Cost to the taxpayers:  only 48 million dollars.  Cost to the House Republicans:  Nothing.

That's when the producers -- college roommates then, pondering what life was about and what each one wanted to do with it -- heard about this terrible waste, and in a time of tight funding, and starting thinking what else could be done with 48 million dollars.

They had the rough idea sketched out in an hour, had a local, then national show, up and running in some months, always refining, from the shaky, early days of "Let's Pretend We Care About Spending!" to the rock-solid, explosive phenomena we know "The Fantasy Grant Show" is today.

They became the latest 20-something geniuses who have turned billionaires, while changing all of us, the system, and the country, with uncounted secondary effects still rippling and washing outward.

And, for the first time, in a long time, if ever:  everyone got to win, and public programs were sorted out, all fair and square, and by the people themselves -- with a little help from their new friends.

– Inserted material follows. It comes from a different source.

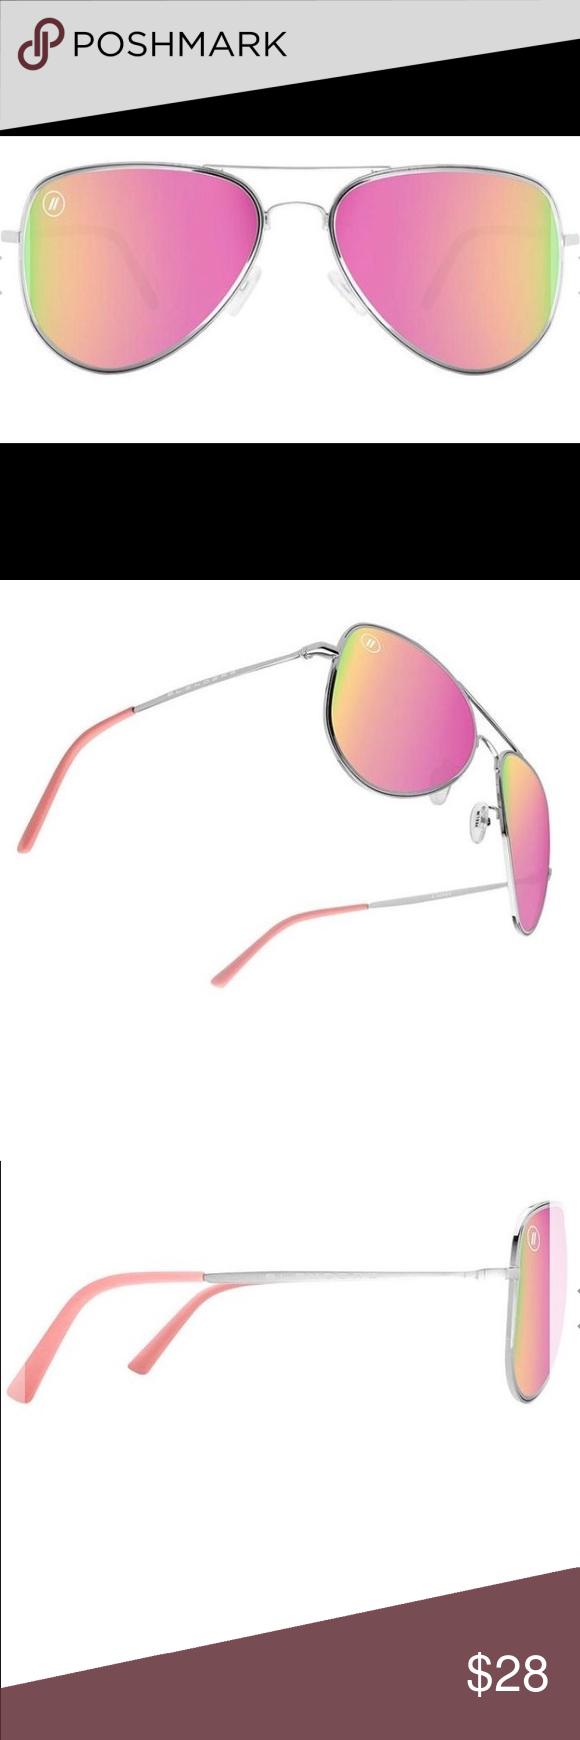 63a5732f3ff Blenders high class jes Blenders eyewear aviators style

... And all because a couple of college kids wondered if such a thing was worth even a try in a bitterly divided, austerity-driven, sourly partisan, and generally ignorant and greedy period in American history.

The kids changed their names for show business wheeling and dealing and effect.  The taller one started out life as a Jefferson.  If I remember right, the other one was named Adams.  Most people don't know that.  Me, I always thought that was pretty amazing, too.